In the context of a cell phone company, the profit function represents the difference between the revenue generated from selling cell phones and the costs incurred in producing them. This is crucial for determining the financial health of the business. The profit function is mathematically defined as:

• Profit = Revenue - Cost

For this exercise, we've defined the profit function as: \[ P(x) = R(x) - C(x) \] After plugging in the given cost \( C(x) \) and revenue \( R(x) \) functions, we simplify it to:\[ P(x) = -11x^2 + 1080x - 21,500 \] The objective is to find out when this profit function is positive—which tells us the range of production that generates a profit. A positive value of \( P(x) \) indicates that revenue exceeds costs, granting a financial gain.

The quadratic formula is a powerful tool used to find the solutions of a quadratic equation. A quadratic equation is in the form of \( ax^2 + bx + c = 0 \). For our exercise, the simplified profit function is represented as \[ -11x^2 + 1080x - 21,500 = 0 \]. To find where this function is zero, we apply the quadratic formula:\[ x = \frac{-b \pm \sqrt{b^2 - 4ac}}{2a} \] This formula helps in calculating the roots, which are the critical points where the function changes behavior. In our problem:

• The discriminant \( b^2 - 4ac \) is calculated first. This tells us the nature of roots:
  • If positive, there are two distinct real roots.

The roots define the intervals where the profit function changes from negative to positive values.

The construction of cost and revenue functions is essential in any business model.
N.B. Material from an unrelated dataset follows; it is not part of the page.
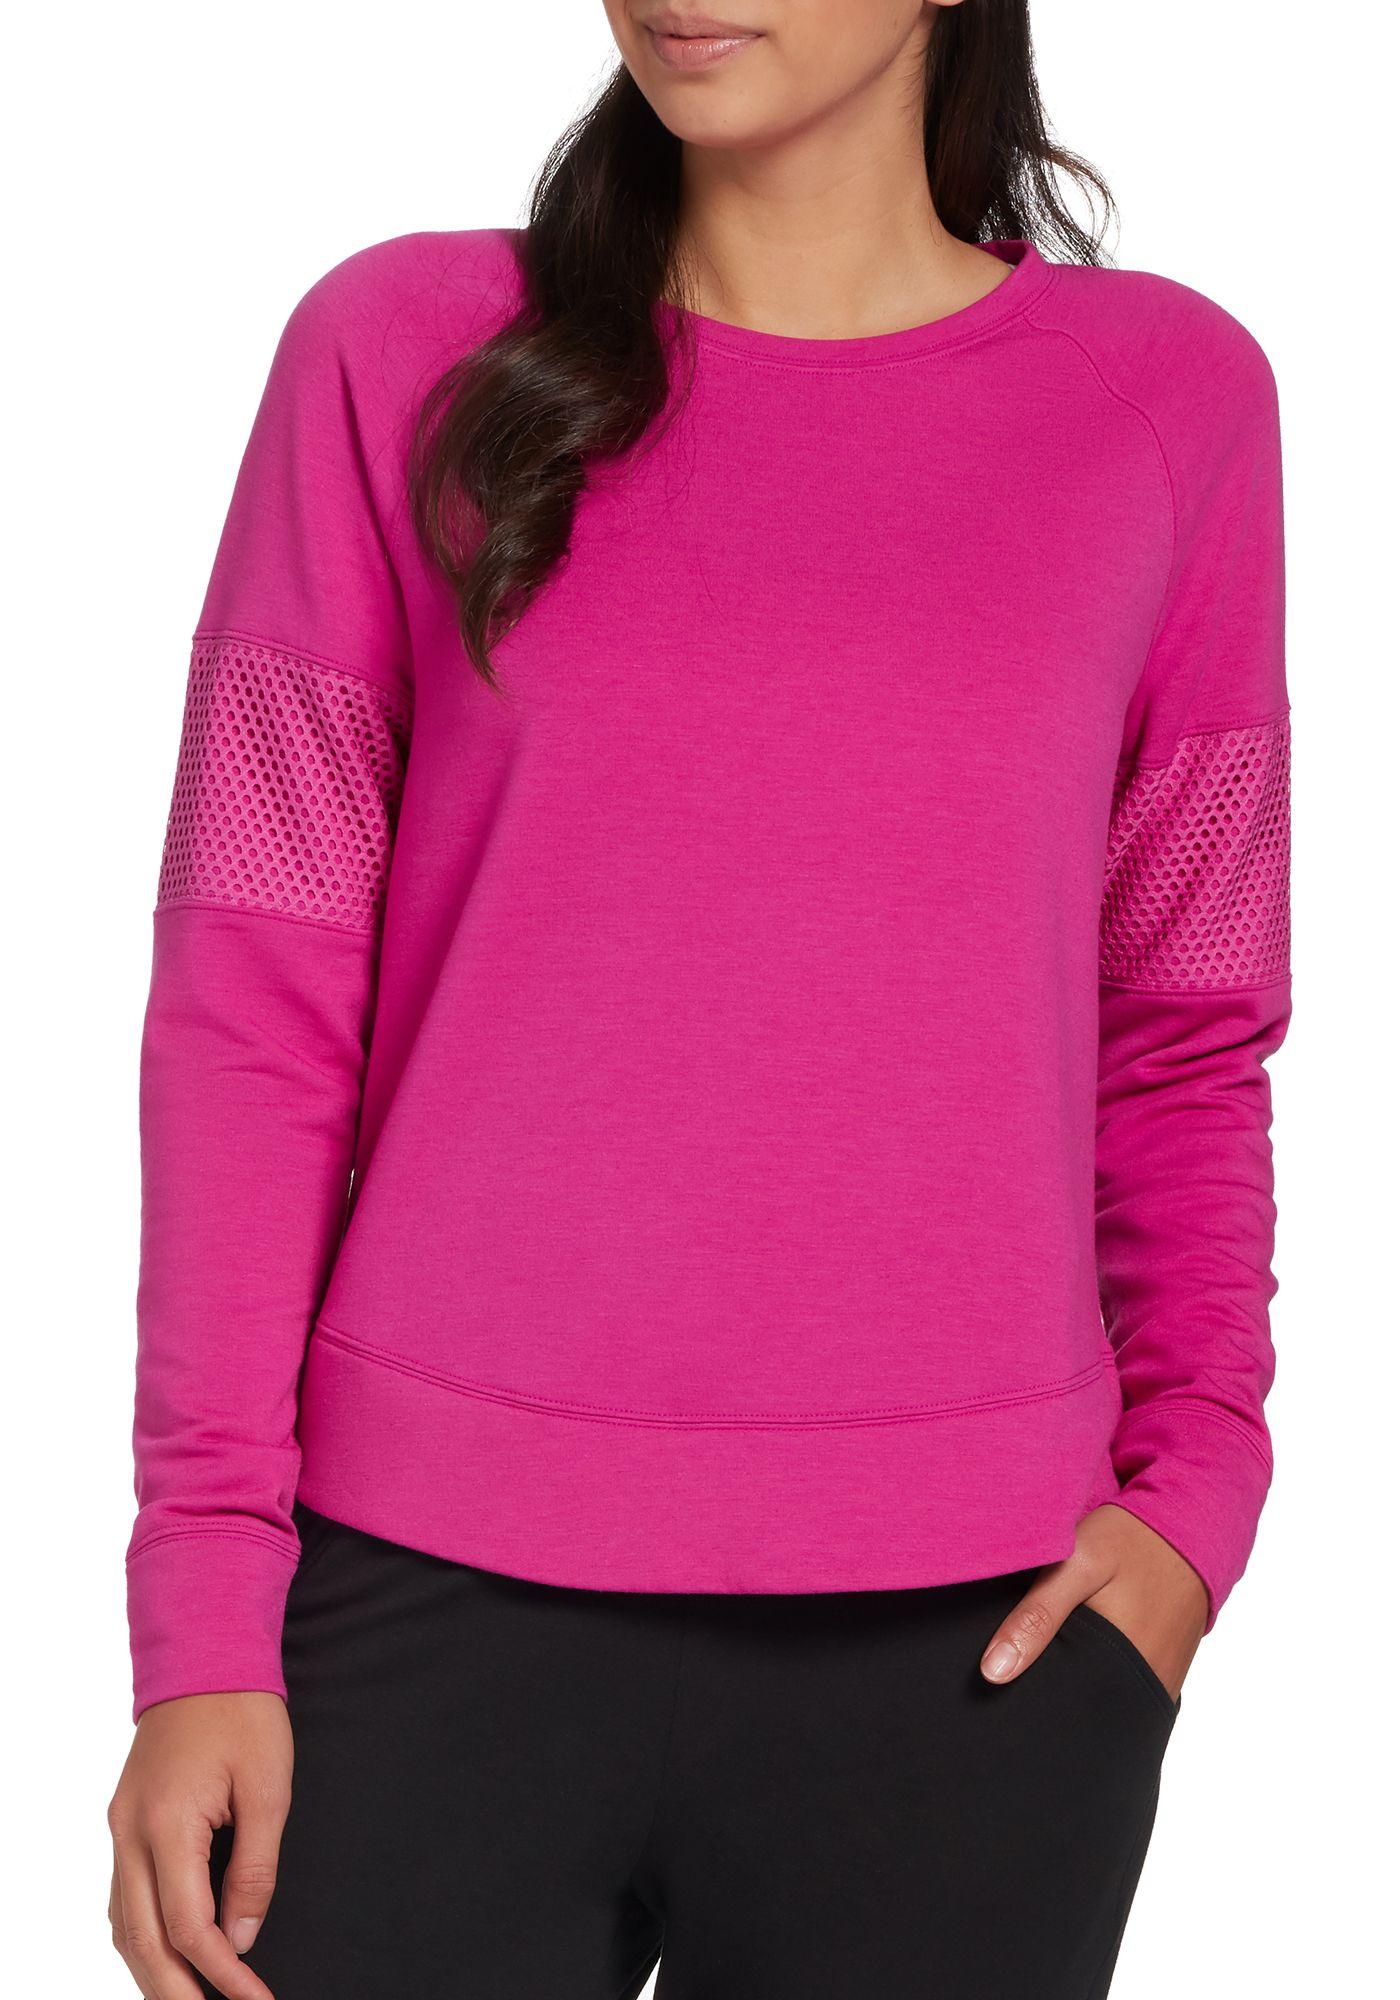 DSG Women's Fleece Crew Sweatshirt

These functions help visualize and calculate earnings and expenses over a given number of goods produced or sold. In this cell phone company scenario:

• The cost function \( C(x) = 8x^2 - 600x + 21,500 \) accounts for the variable and fixed costs related to producing cell phones.
• The revenue function \( R(x) = -3x^2 + 480x \) reflects the income from selling cell phones.

Both functions, when examined, reveal how expenses vary with production volume and how revenue fluctuates with sales quantity. Understanding these is essential for pinpointing profit-maximizing production levels.

Inequalities are a fundamental part of solving problems about practical domains like profit calculations. In this exercise, once we've formulated the profit function, we need to establish when it is greater than zero:\[ -11x^2 + 1080x - 21,500 > 0 \] This inequality tells us when the profit function is positive, indicating profitable production levels.To solve this, it involves:

• Finding the roots of the equation using the quadratic formula.
• Analyzing the intervals between roots to determine when the inequality holds true.

In practice, such inequalities help identify the most efficient production levels, ensuring the business operates within profitable bounds. Understanding this keeps the company aware of operational limits to ensure maximum profitability.